Managing Incontinence
The ultimate goal for any clinician caring for an individual with urinary or faecal incontinence is to alleviate and control bowel/bladder function (Cooper, 2011). In order to do this, the clinician needs to establish the cause of the incontinence and implement a plan of care. A clear patient history should be taken when assessing a patient with incontinence. (Ousey, 2017)
A multi-disciplinary approach involving specialists, e.g. continence specialists and dieticians, can be used when planning a treatment and management plan.

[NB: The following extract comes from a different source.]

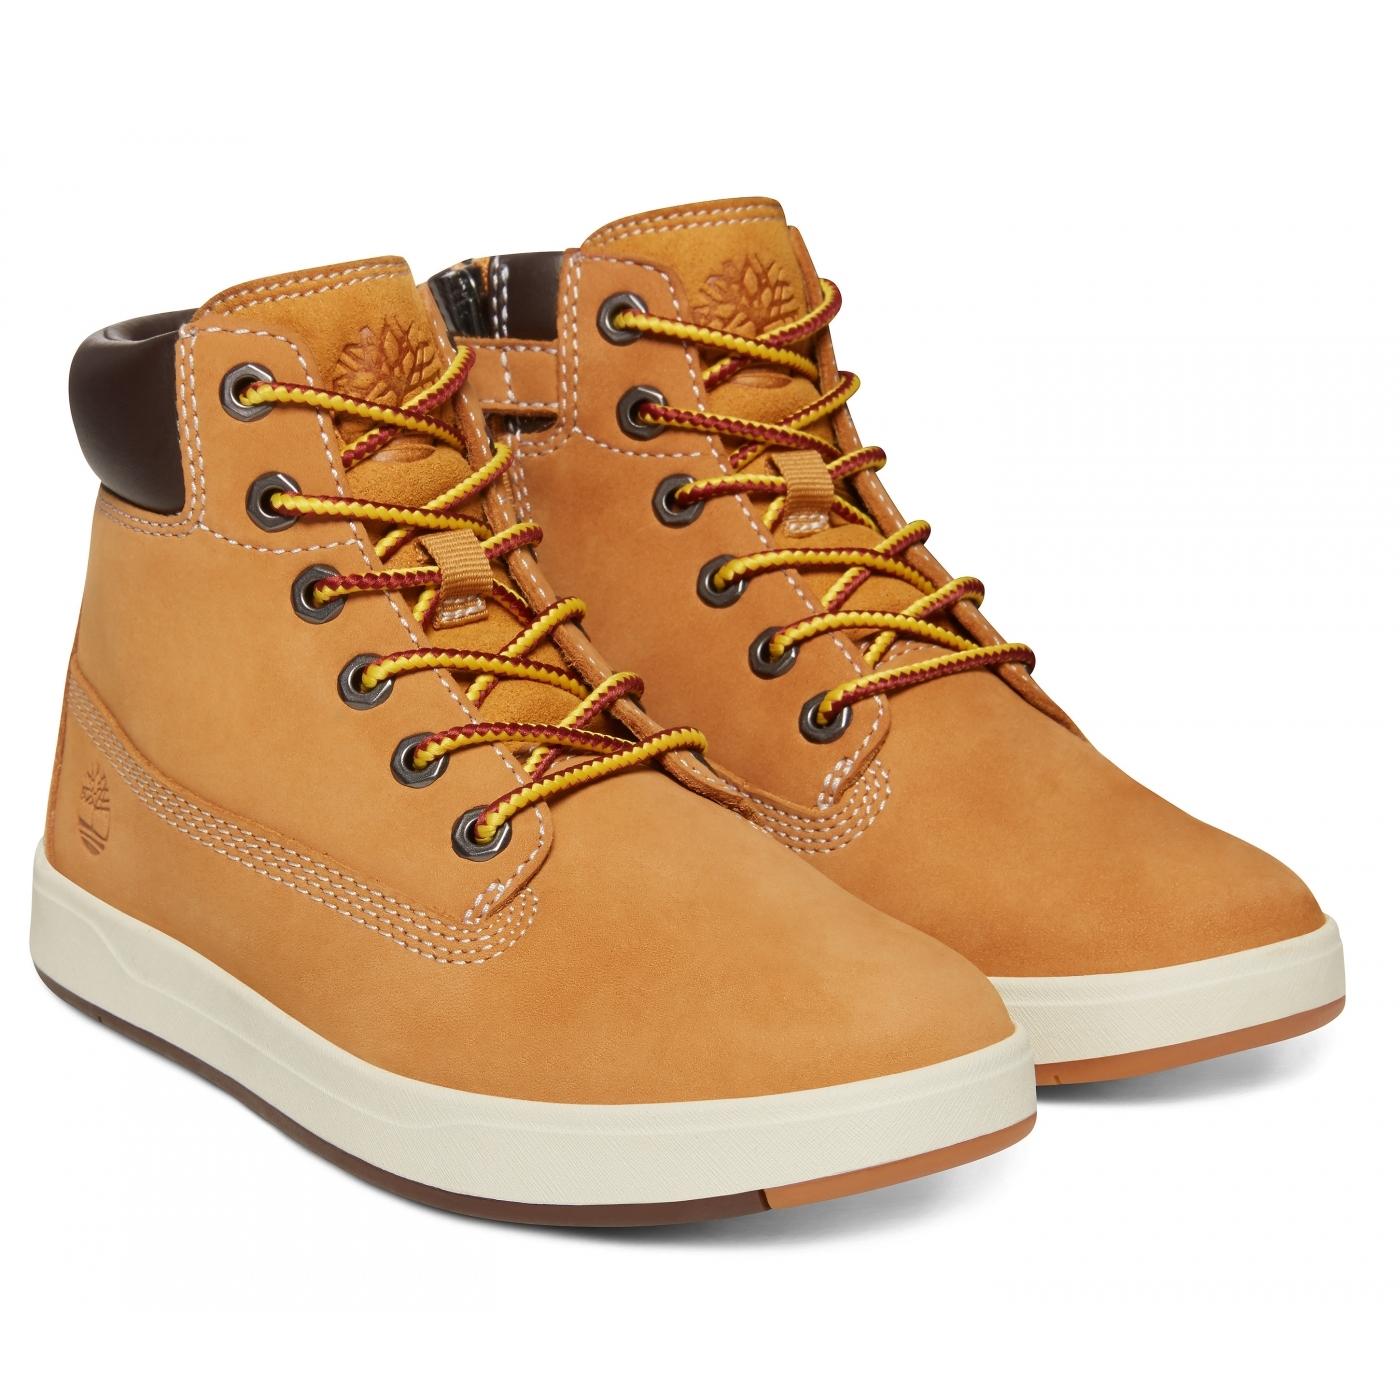 2b9234756c0d6 Chaussures Timberland Davis Square 6-inch Wheat | Alltricks.com
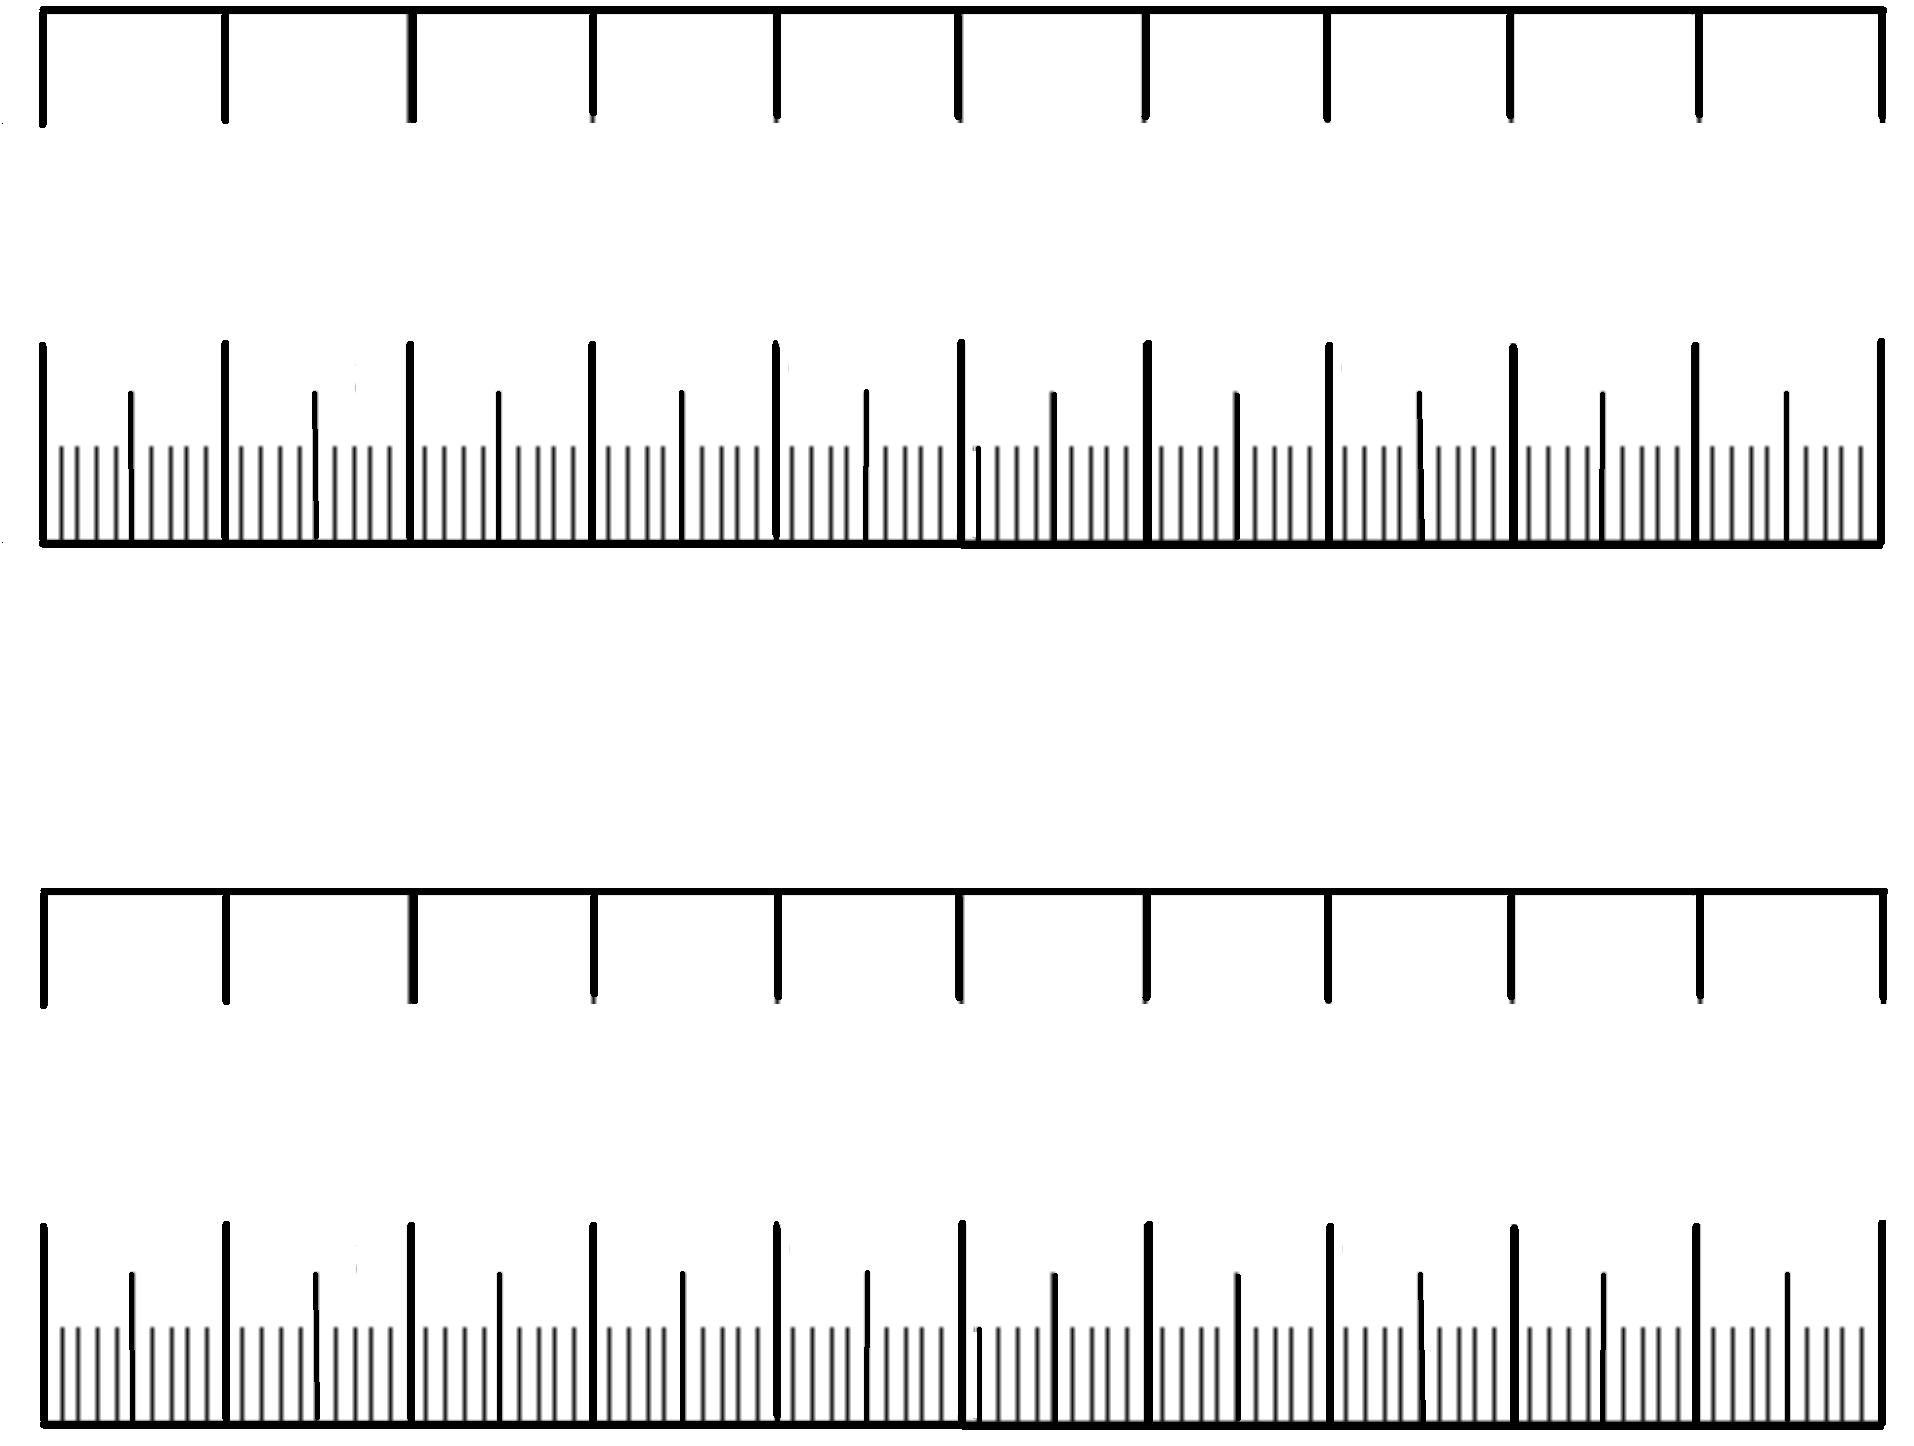 Blank decimal number lines marvelous math pinterest decimal blank decimal number lines nvjuhfo Choice Image

Possible causes of faecal incontinence:
- Anal sphincter damage or weakness
- Obstetric trauma to anal sphincter muscles and surgery such as lateral sphincterotomy, haemorrhoidectomy and anal stretch
- Neurological conditions
- Spinal cord injury, multiple sclerosis, Parkinson’s disease, spina bifida and stroke
- Impaction with overflow
- Frail or immobile patient and physical disability
- Cognitive impairment, e.g. dementia
- Anorectal pathology
- Rectal prolapse, congenital abnormalities and anal/recto-vaginal fistula
- Diarrhoea/intestinal hurry
- Crohn’s disease, ulcerative colitis and drugs, e.g. antibiotics
Possible causes of urinary incontinence:
- Stress incontinence
- Pelvic floor muscles damaged or weakened
- Urethral sphincter damage
- Urge incontinence
- Urinary tract infection
- Neurological conditions as above
- Bladder cancer
- Increasing age
- Bladder outlet obstruction/stones
- Benign prostatic hypertrophy (men)
- Unknown cause
- Overflow incontinence
- Enlarged prostate gland (men)
- Bladder stones
- Constipation
- Surgery to the bowel or spinal cord
- Weak bladder muscles
- Nerve damage
- Some medications
Medications associated with urinary incontinence:
- Alpha-adrenergic agonists
- Alpha-adrenergic blockers
- Angiotensin-converting enzymes
- Diuretics
- Cholinesterase inhibitors
- Some medications with anticholinergic effect
- Hormone replacement therapy
- Opioids
- Sedatives and hypnotics
(Bianchi, 2012)
A multidisciplinary approach may be required, with the continence advisor included in the team of clinicians involved in planning care (Bianchi, 2012).
The range of treatment options for managing incontinence include:
- Continence devices (including containment devices, e.g. appropriate use of incontinence pads)
- Faecal management systems
- Catheterisation
For reversible causes, options include non-invasive interventions such as toileting techniques or nutritional and fluid management. (Ousey, 2017)
Incontinence, especially acute diarrhoea, does represent a significant threat to perianal skin integrity and, if not managed appropriately, is likely to lead to the formation of a moisture lesion and/or moisture associated skin damage (Beldon, 2008). Appropriate skin care can assist in the prevention and treatment of MASD.